Everything in the listing should be set down exactly, apart from the pictures.

- DATA SECTION -
· · · ·
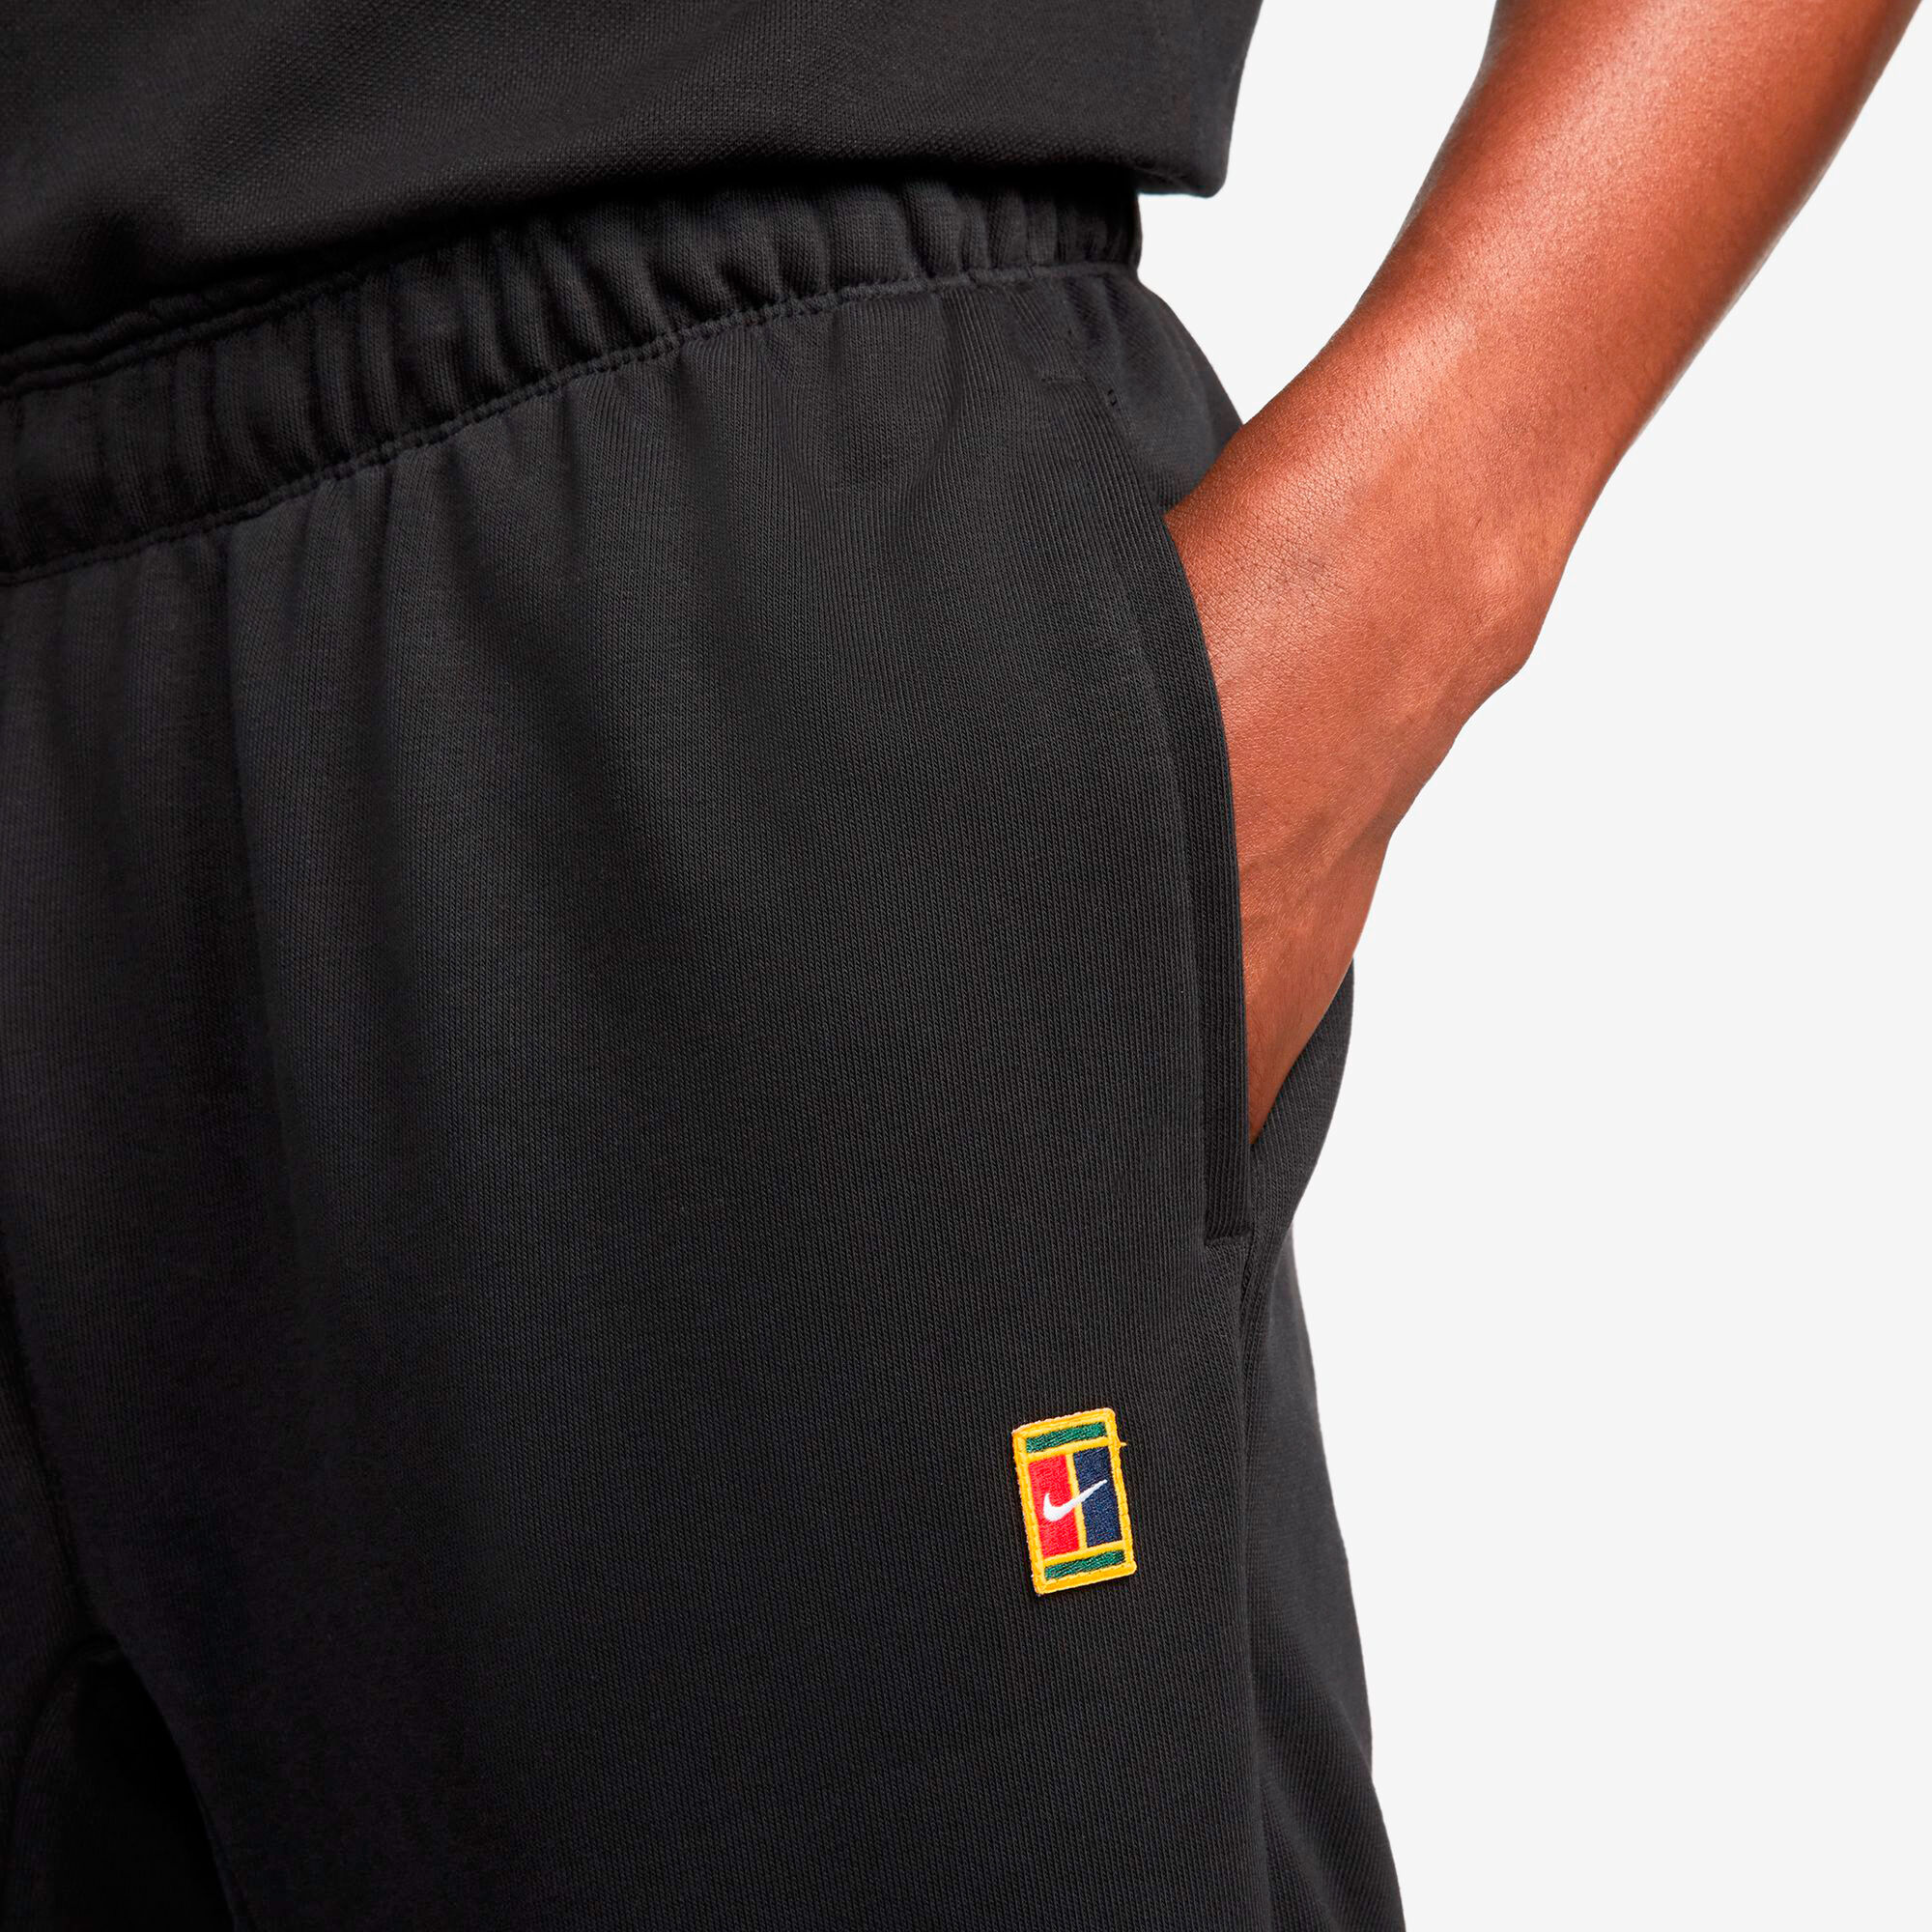 Buy Nike Court Dri Fit Heritage Training Pants Men Black online
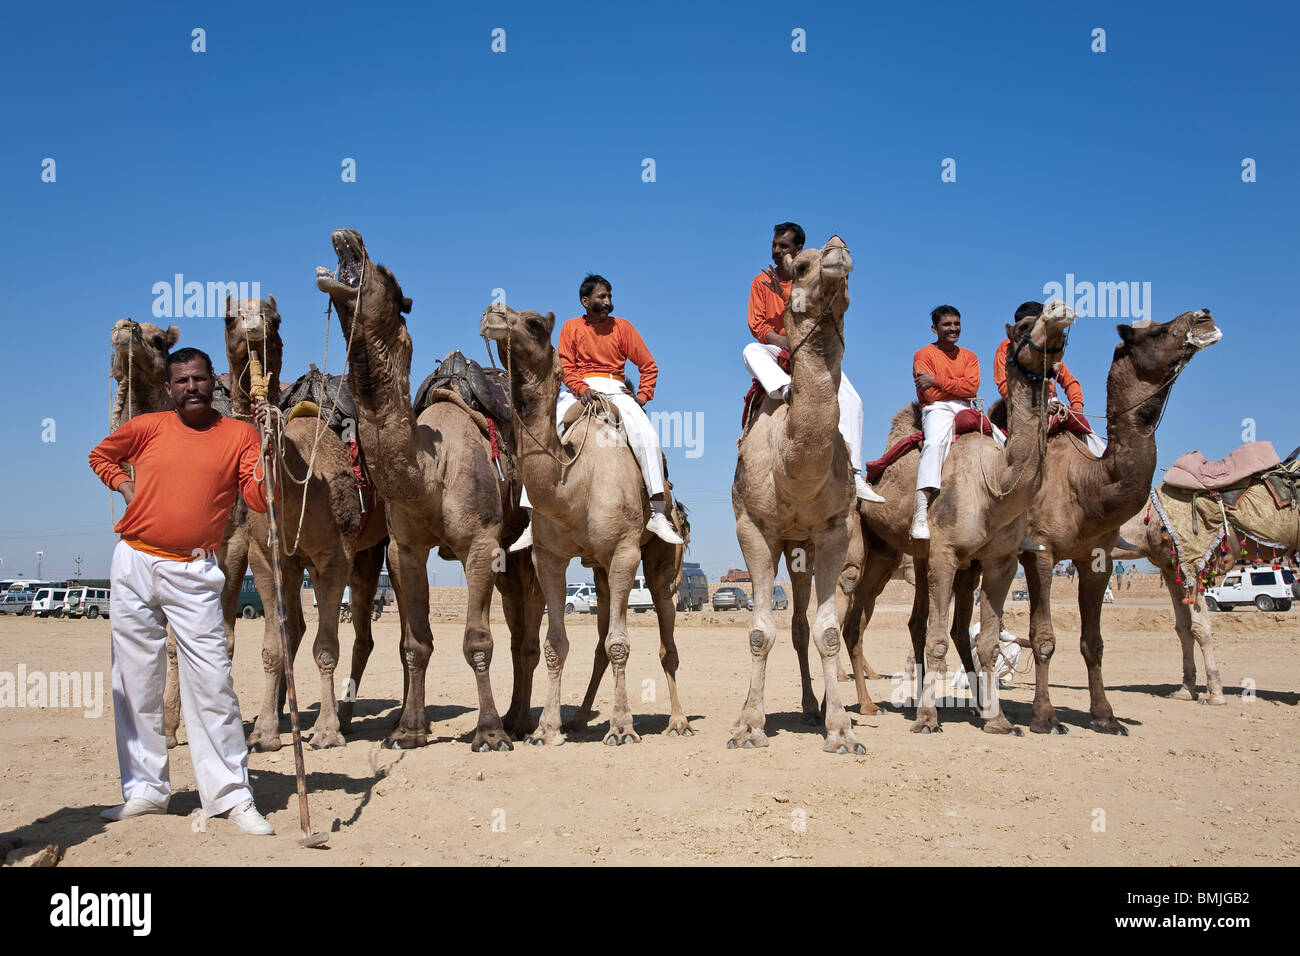 Camel giocatori di Polo. Jaisalmer. Il Rajasthan. India Foto Stock
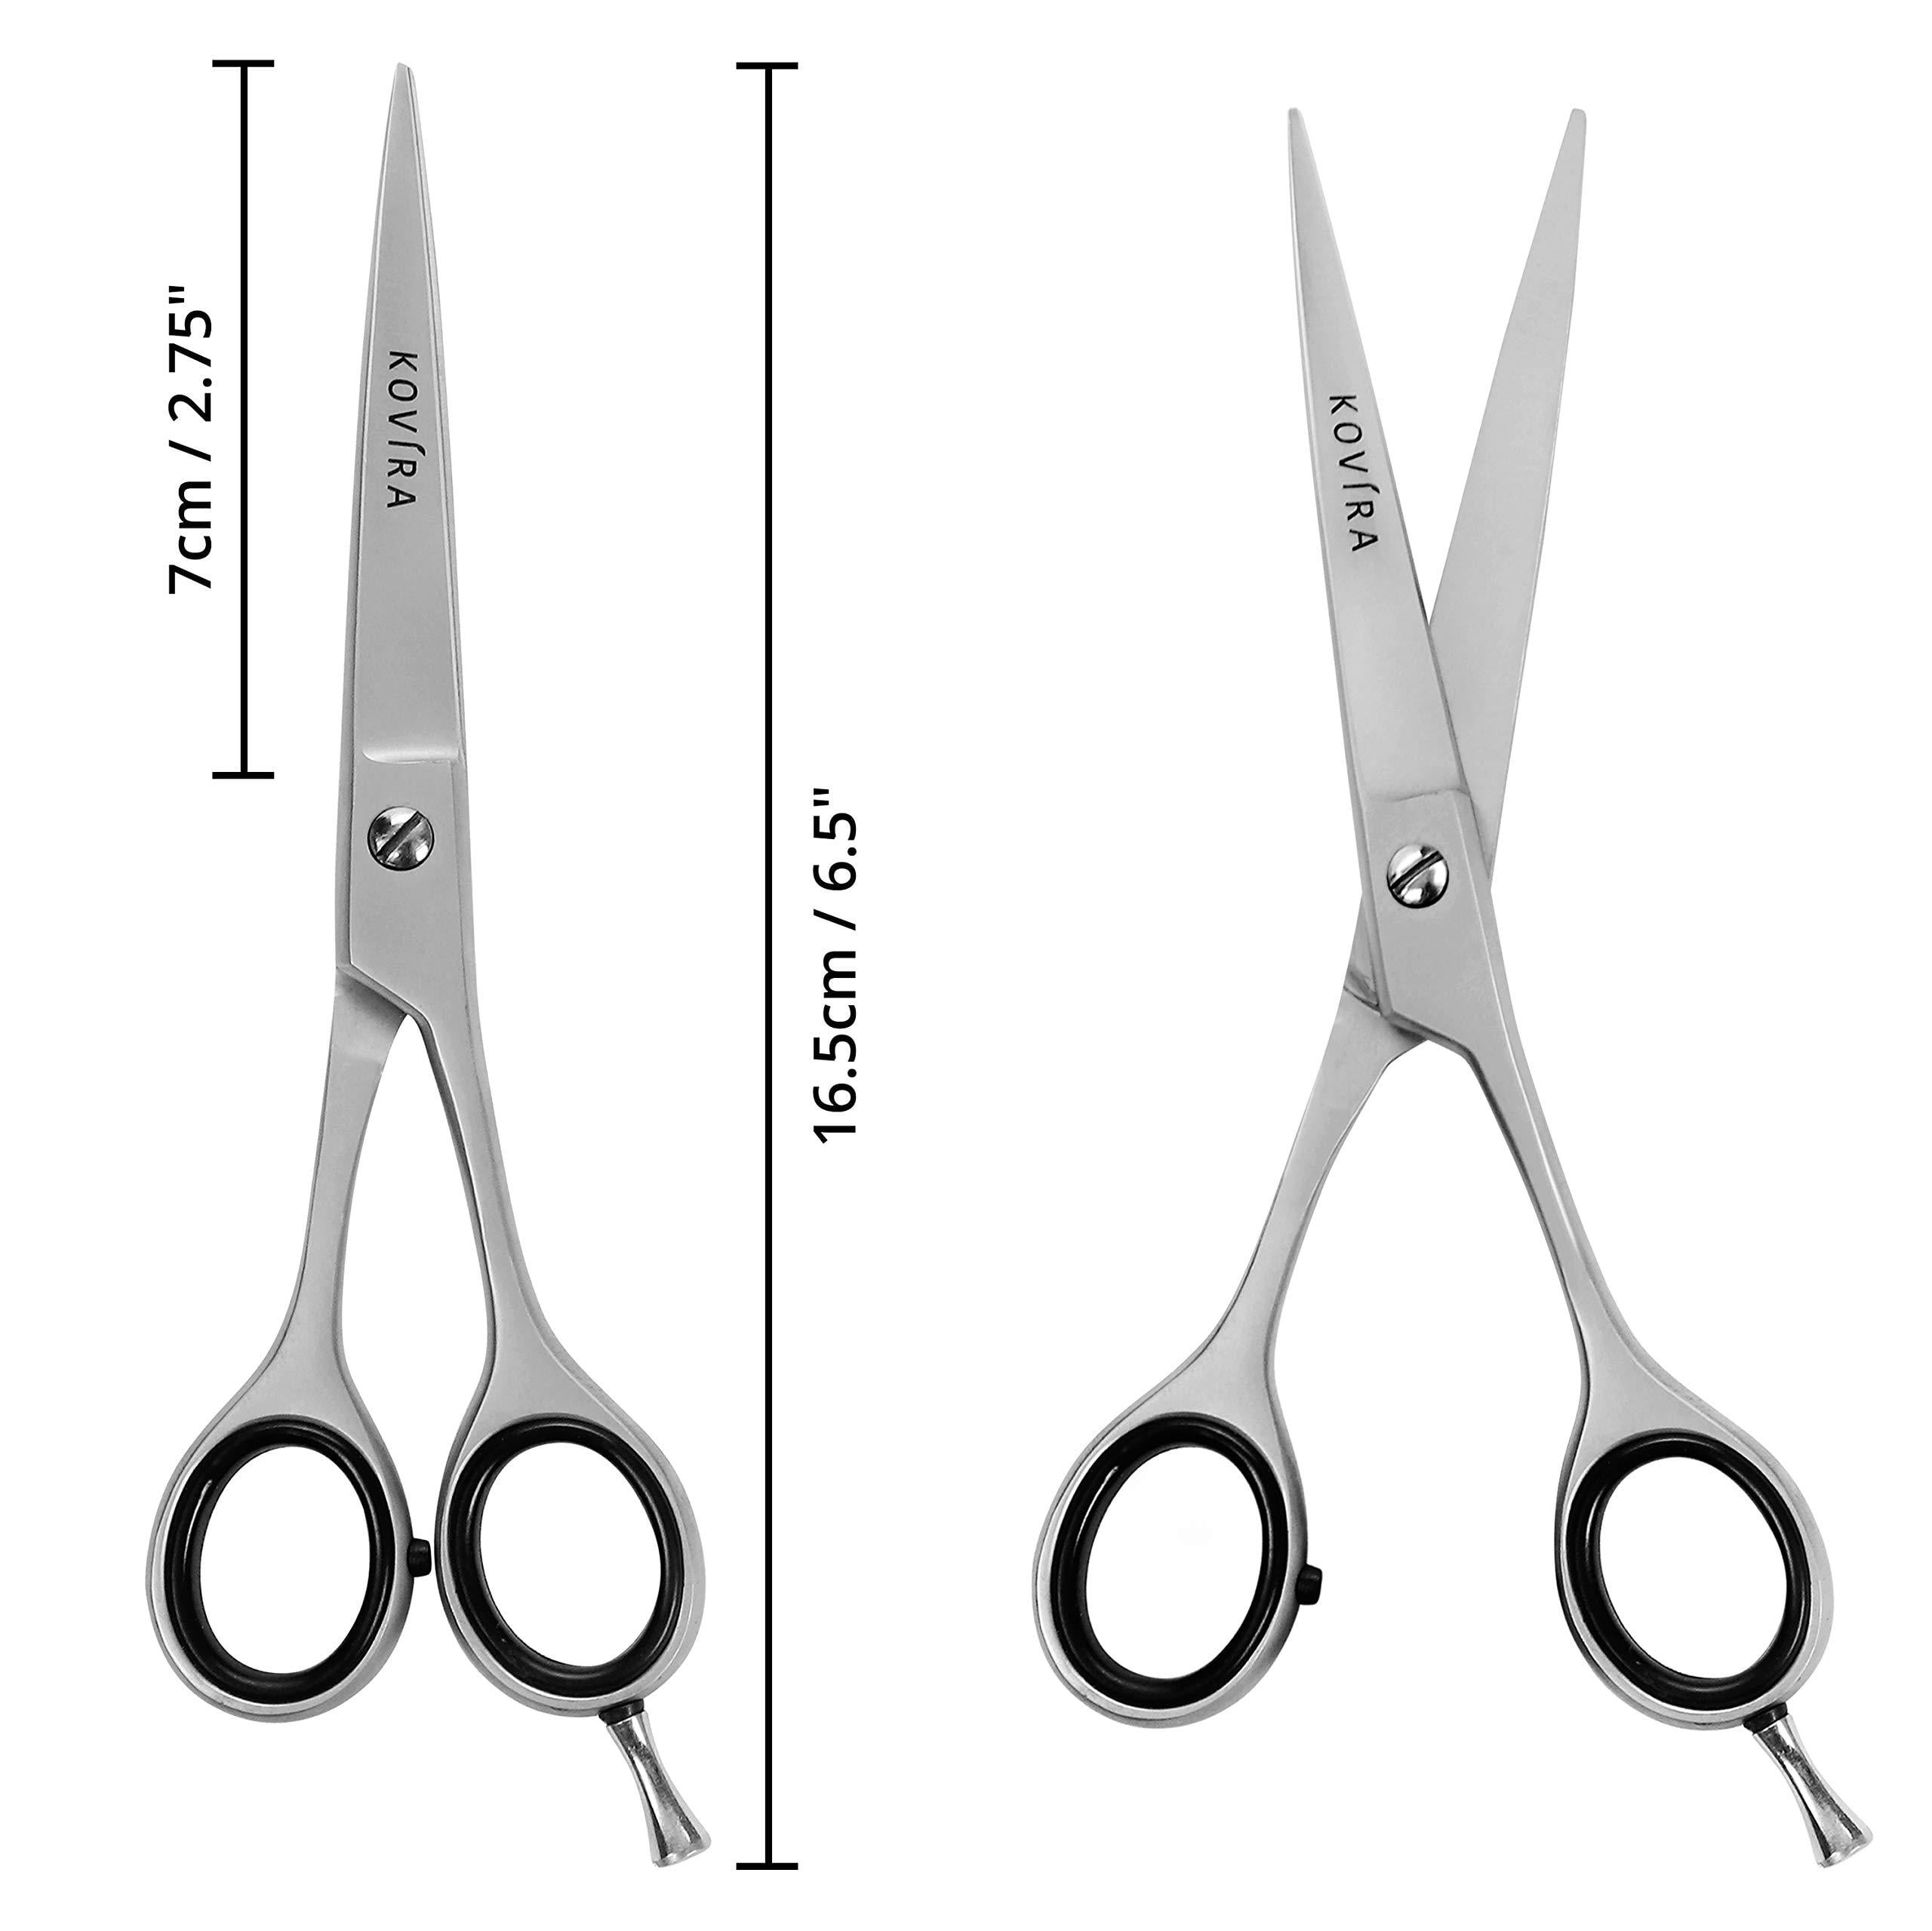 kovira hair scissors set
· · · ·
- RESPONSE BELOW -
 Buy Nike Court Dri Fit Heritage Training Pants Men Black online
 Camel giocatori di Polo. Jaisalmer. Il Rajasthan. India Foto Stock
 kovira hair scissors set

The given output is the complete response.